- _HOW TO COMPLETE THIS TASK_
Only the lines from the one with "Lustige Weihnachtsgrüße Verschicken.Die" through the final line below belong in the answer, copied exactly and without pictures.

- _DATA PROVIDED_
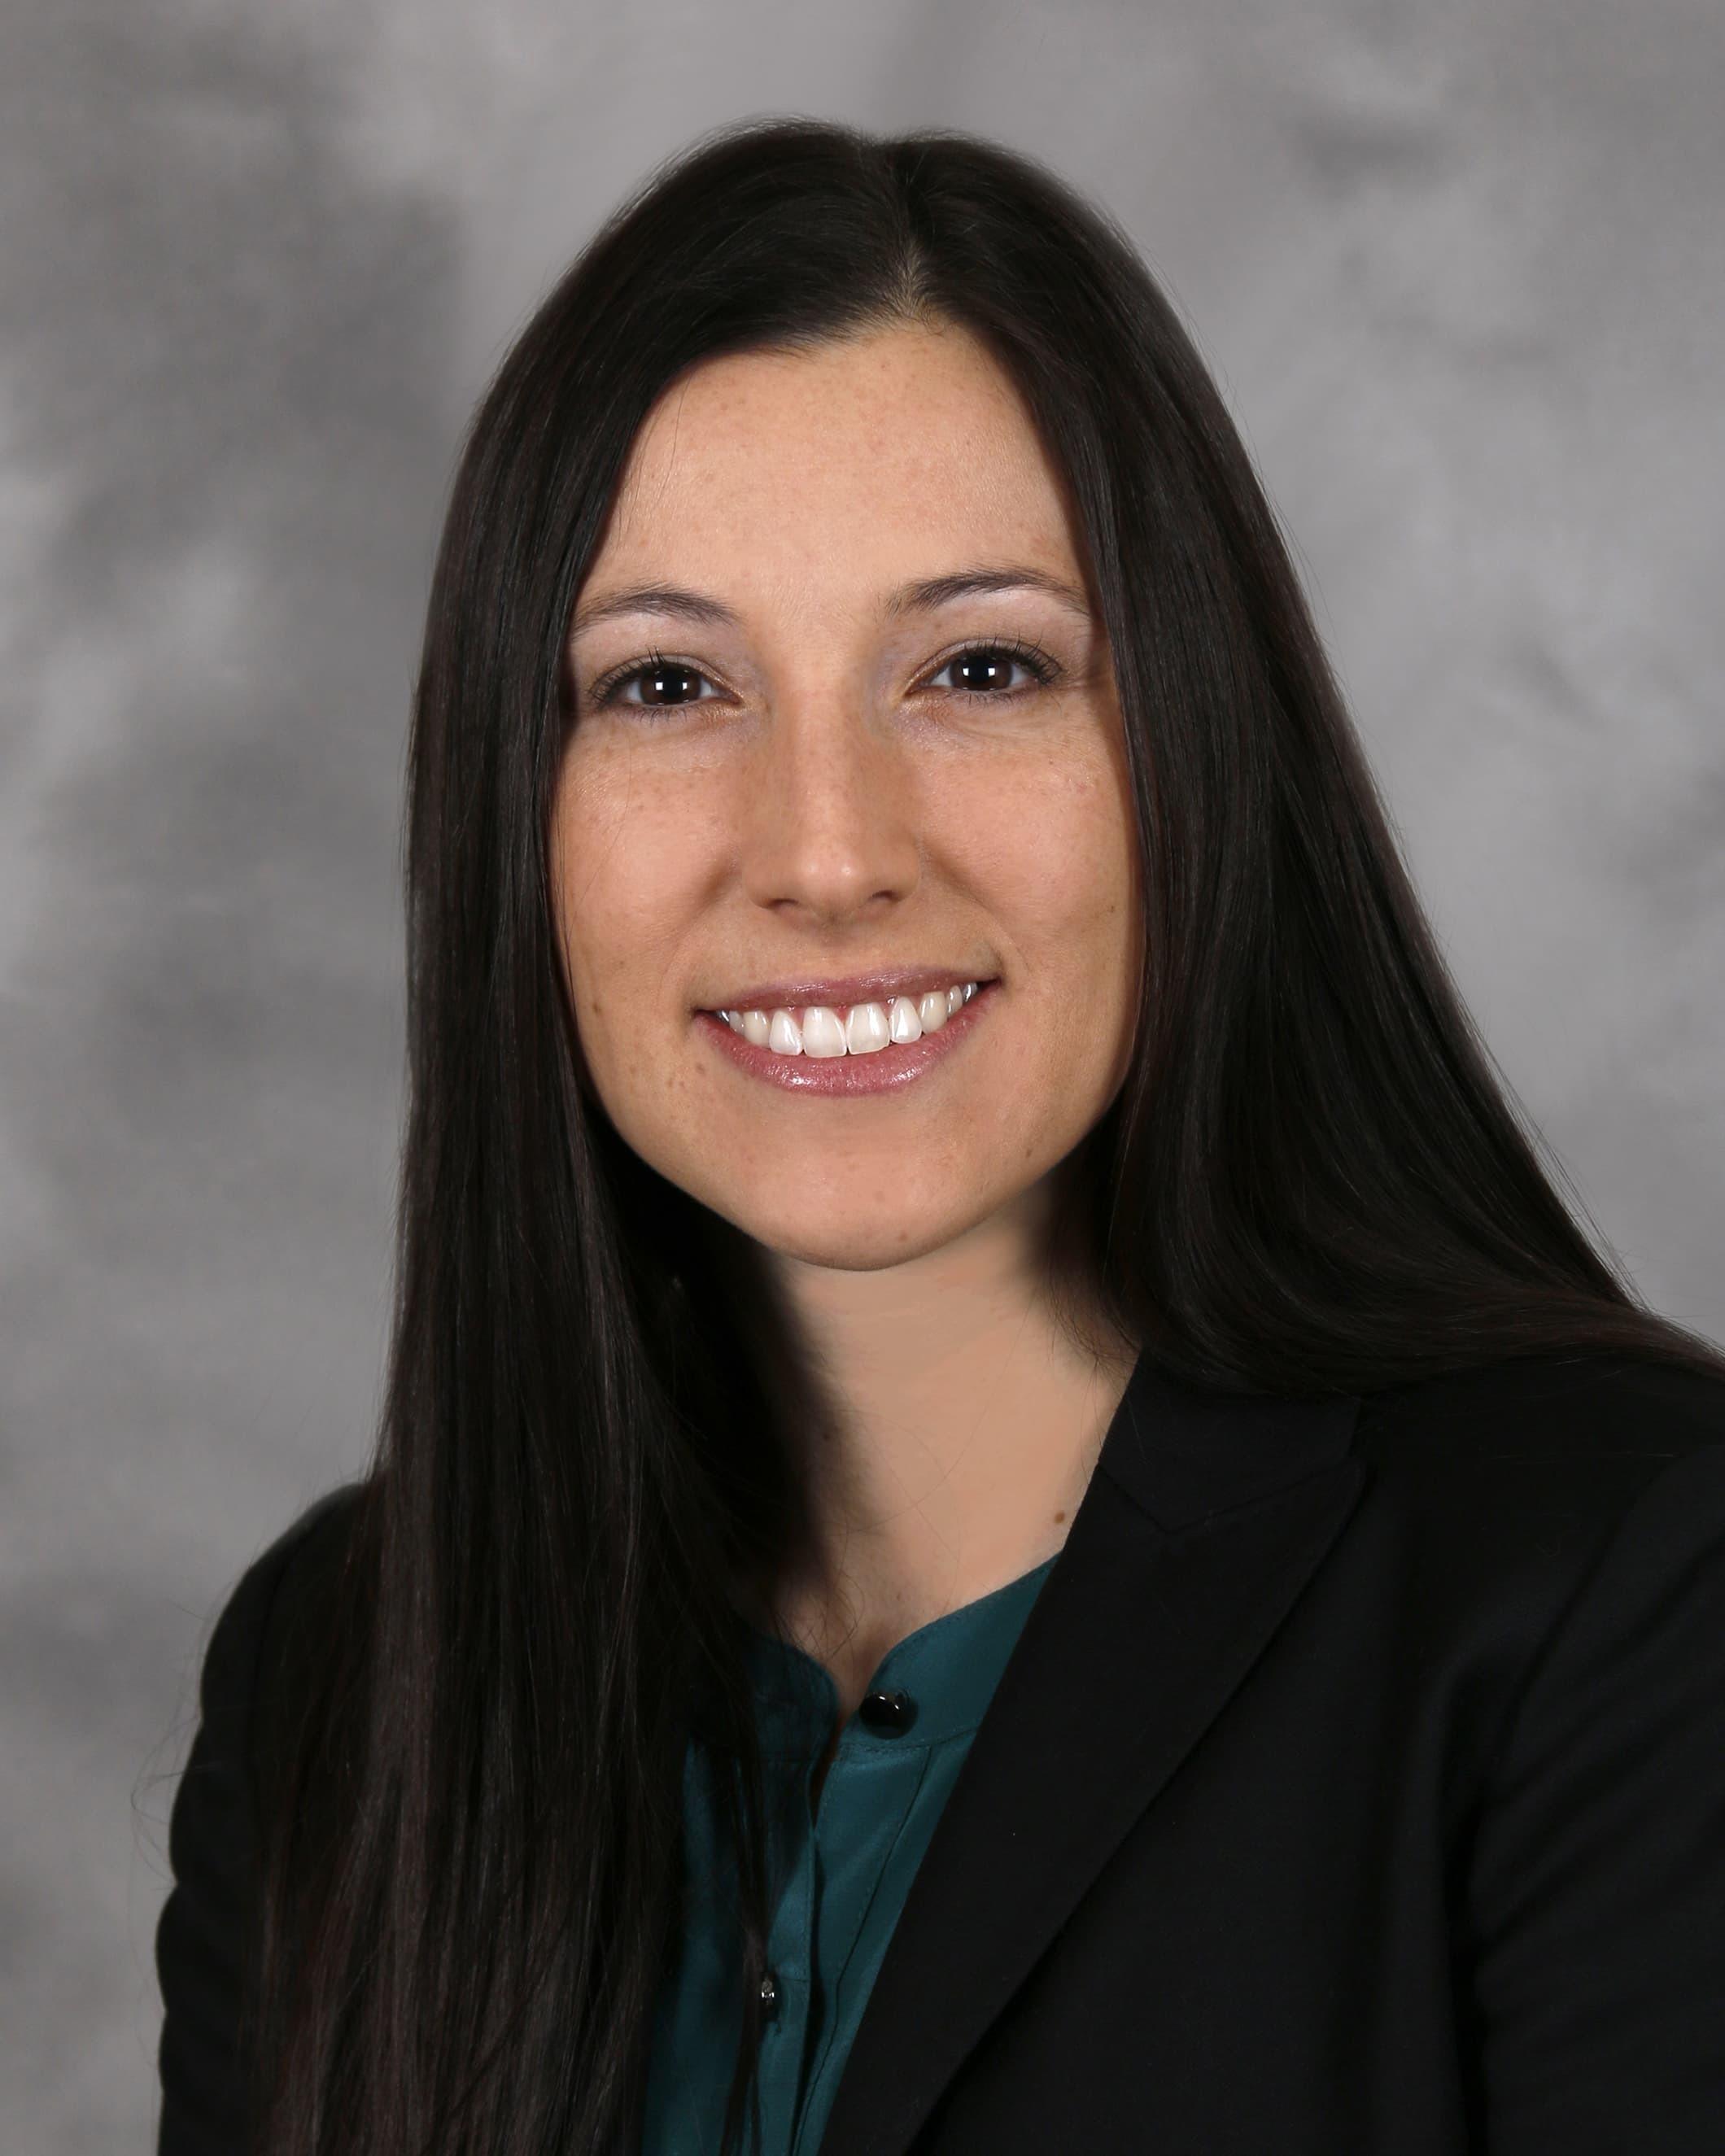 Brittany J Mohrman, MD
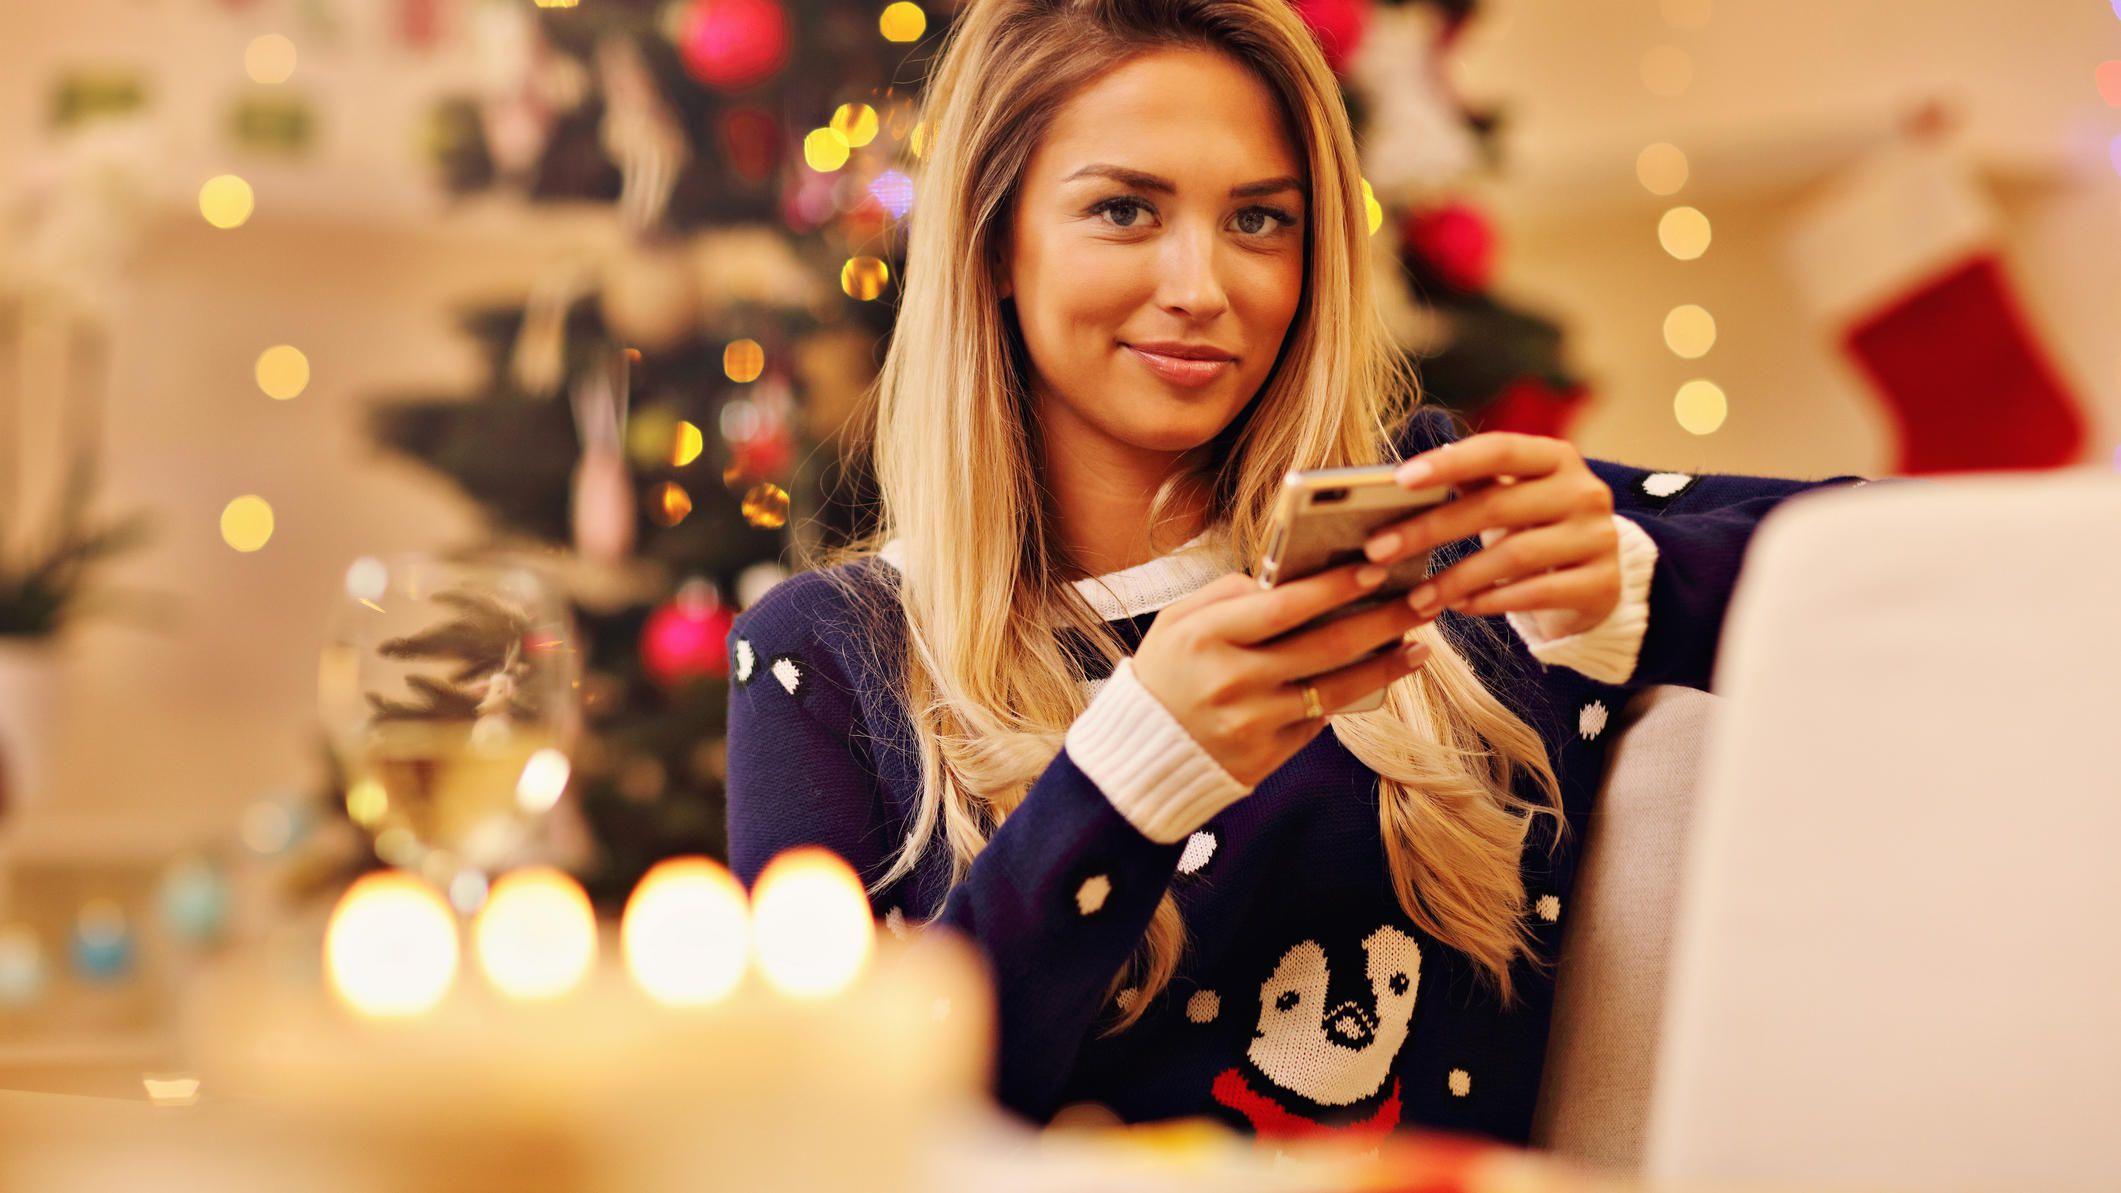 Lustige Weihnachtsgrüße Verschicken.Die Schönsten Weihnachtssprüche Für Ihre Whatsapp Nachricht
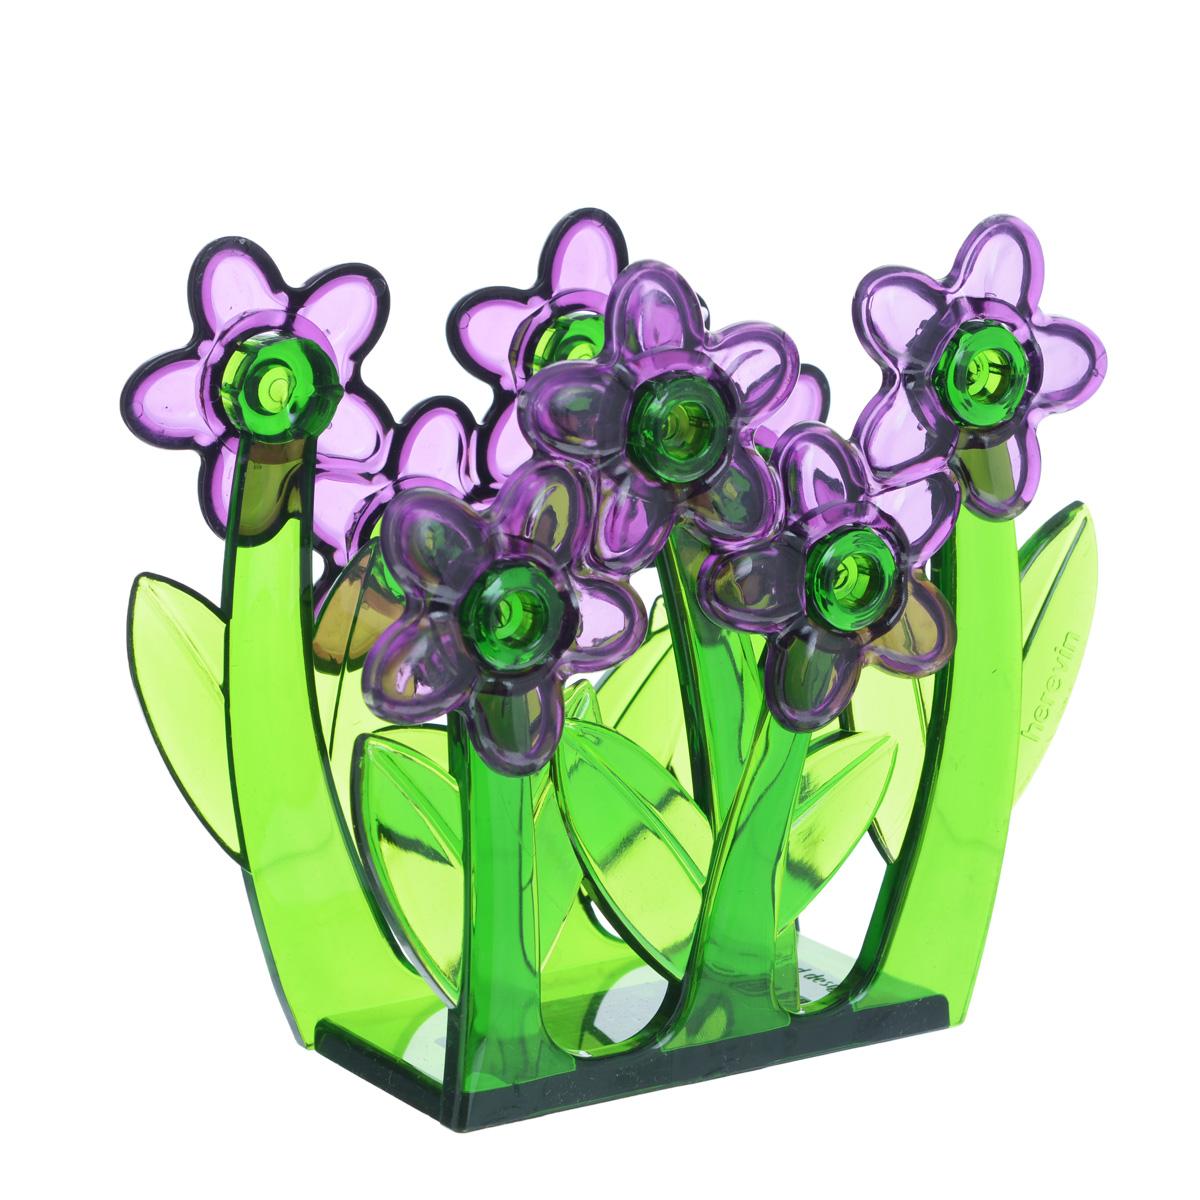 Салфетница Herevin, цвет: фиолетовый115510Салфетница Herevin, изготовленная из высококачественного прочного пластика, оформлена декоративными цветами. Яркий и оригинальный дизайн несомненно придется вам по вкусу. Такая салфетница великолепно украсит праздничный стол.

- _RESULT OF THIS TASK_
 Lustige Weihnachtsgrüße Verschicken.Die Schönsten Weihnachtssprüche Für Ihre Whatsapp Nachricht
 Салфетница Herevin, цвет: фиолетовый115510Салфетница Herevin, изготовленная из высококачественного прочного пластика, оформлена декоративными цветами. Яркий и оригинальный дизайн несомненно придется вам по вкусу. Такая салфетница великолепно украсит праздничный стол.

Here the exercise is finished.